Hydromorphinol

Clinical data
- Trade names: Numorphan
- Other names: Hydromorphinol, 14-hydroxy-7,8-dihydromorphine, RAM-320
- ATC code: none;

Legal status
- Legal status: AU: S8 (Controlled drug); BR: Class A1 (Narcotic drugs); CA: Schedule I; DE: Anlage I (Authorized scientific use only); US: Schedule I;

Identifiers
- IUPAC name (5α,6α)-3,6,14-Trihydroxy-4,5-epoxy-17-methylmorphinan;
- CAS Number: 2183-56-4 2190-27-4;
- PubChem CID: 5463858;
- DrugBank: DB01512;
- ChemSpider: 4576407;
- UNII: 1O00P9X5C1;
- KEGG: D12686;
- ChEMBL: ChEMBL1951706;
- CompTox Dashboard (EPA): DTXSID30176242 ;
- ECHA InfoCard: 100.016.878

Chemical and physical data
- Formula: C_{17}H_{21}NO_{4}
- Molar mass: 303.358 g·mol^{−1}
- 3D model (JSmol): Interactive image;
- SMILES CN1CC[C@]23[C@@H]4[C@H](CC[C@]2([C@H]1CC5=C3C(=C(C=C5)O)O4)O)O;
- InChI InChI=1S/C17H21NO4/c1-18-7-6-16-13-9-2-3-10(19)14(13)22-15(16)11(20)4-5-17(16,21)12(18)8-9/h2-3,11-12,15,19-21H,4-8H2,1H3/t11-,12+,15-,16-,17+/m0/s1; Key:AABLHGPVOULICI-BRJGLHKUSA-N;

= Hydromorphinol =

Opioid analgesic drug

Hydromorphinol (RAM-320, 14-hydroxydihydromorphine), is an opiate analogue that is a derivative of morphine, where the 14-position has been hydroxylated and the 7,8- double bond saturated.

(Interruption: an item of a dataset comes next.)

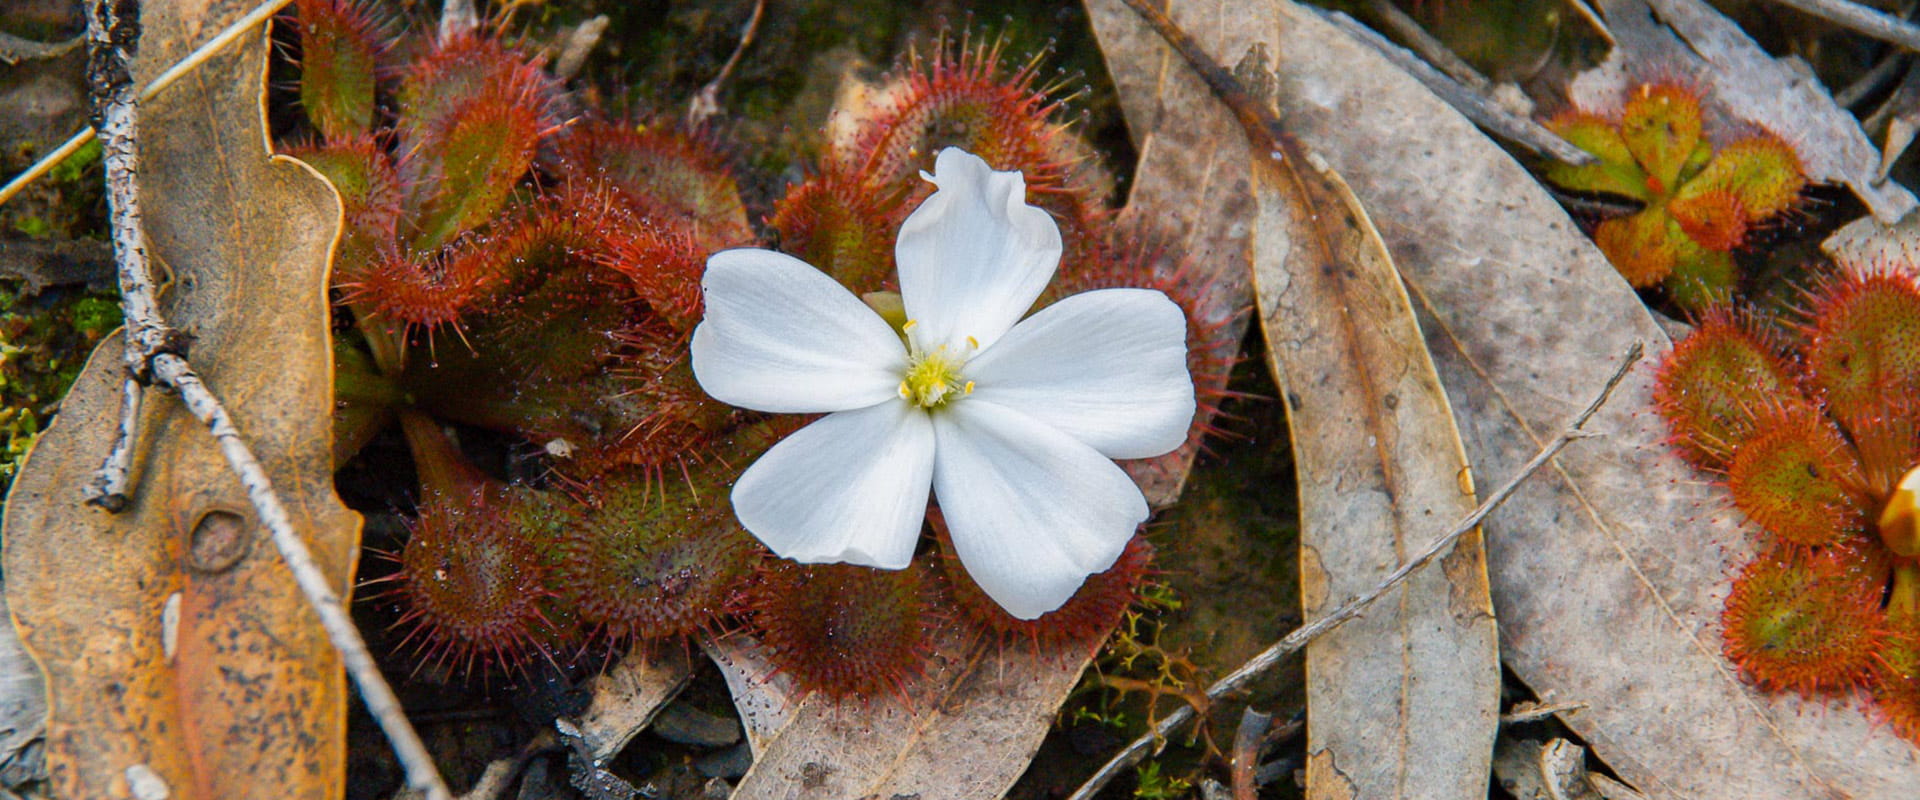 A white wildflower blooms amongst a rugged bushlands foliage

It has similar effects to morphine such as sedation, analgesia and respiratory depression, but is twice as potent as morphine and has a steeper dose-response curve and longer half-life. It is used in medicine as the bitartrate salt (free base conversion ratio 0.643, molecular weight 471.5) and hydrochloride (free base conversion ratio 0.770, molecular weight 393.9)

Hydromorphinol has also been discovered to occur naturally in trace amounts within opium, although this is a very rare occurrence.

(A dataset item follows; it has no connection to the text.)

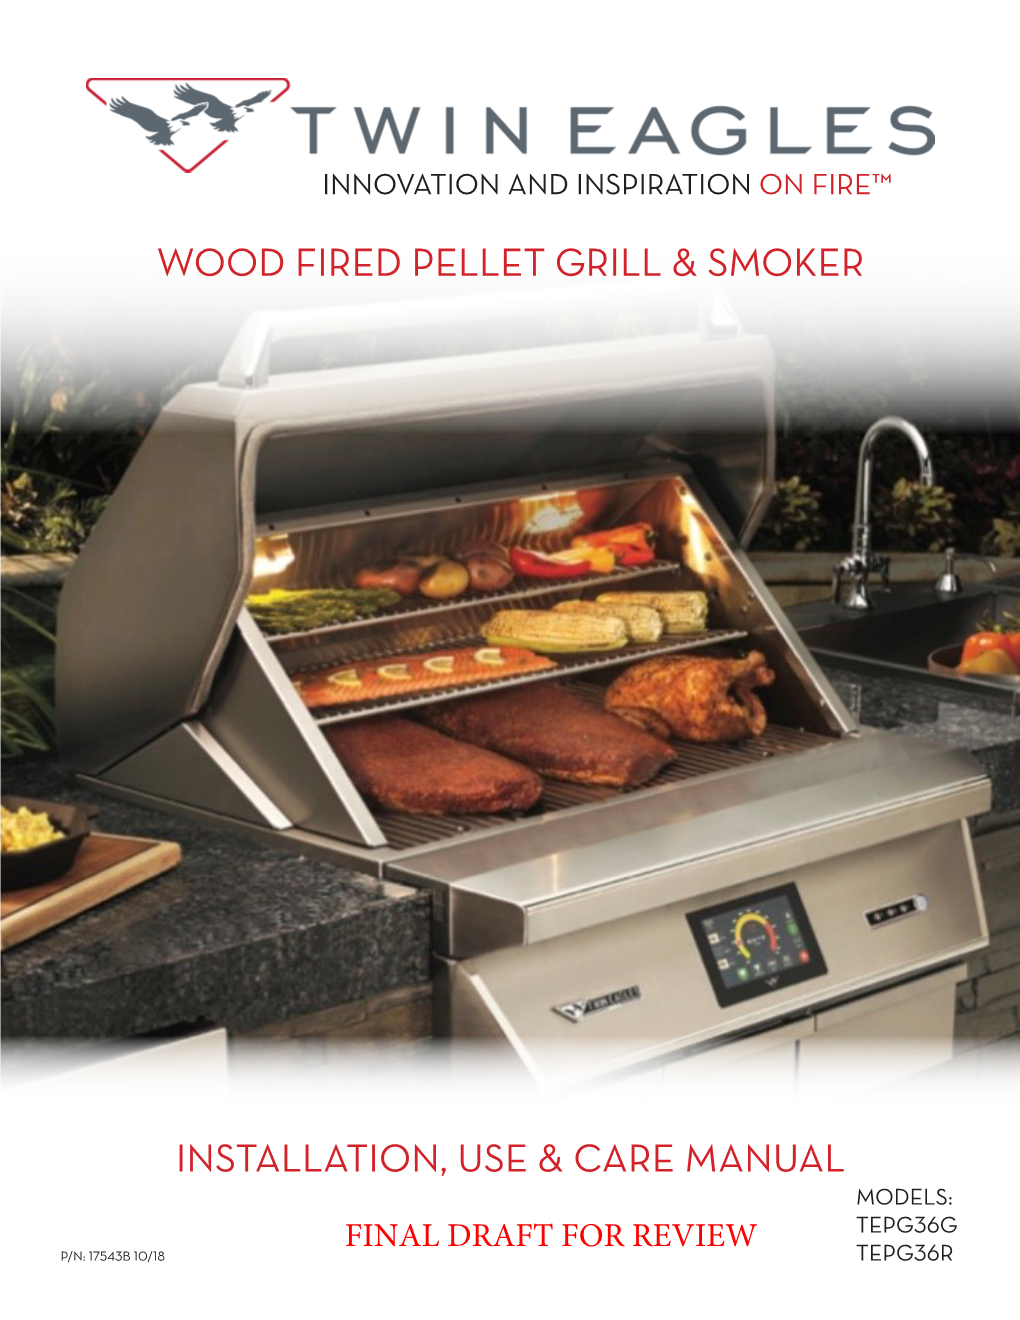 Installation, Use & Care Manual Wood Fired Pellet Grill & Smoker

It is also called α-oxymorphol, and oxymorphol is itself a mixture of hydromorphinol and 4,5α-epoxy-17-methylmorphinan-3,6β,14-triol (β-oxymorphol) which is different at position 6 on the morphine carbon skeleton.

Hydromorphinol was developed in Austria in 1932. In the United States, it was never available and is classified as a Schedule I drug with a DEA ACSCN of 9301. The salts in use are the bitartrate (free base conversion ratio 0.643) and hydrochloride (0.770). The 2014, national aggregate manufacturing quota was 2 grams, unchanged from prior years.

Hydromorphinol is metabolized mainly in the liver in the same fashion as many other opioids and is itself a minor active metabolite of 14-hydroxydihydrocodeine, an uncommonly used opiate (but is therefore also an active metabolite of a first-order active metabolite of oxycodone).

It is distributed under the trade name Numorphan in some countries. It is controlled under the Single Convention On Narcotic Drugs.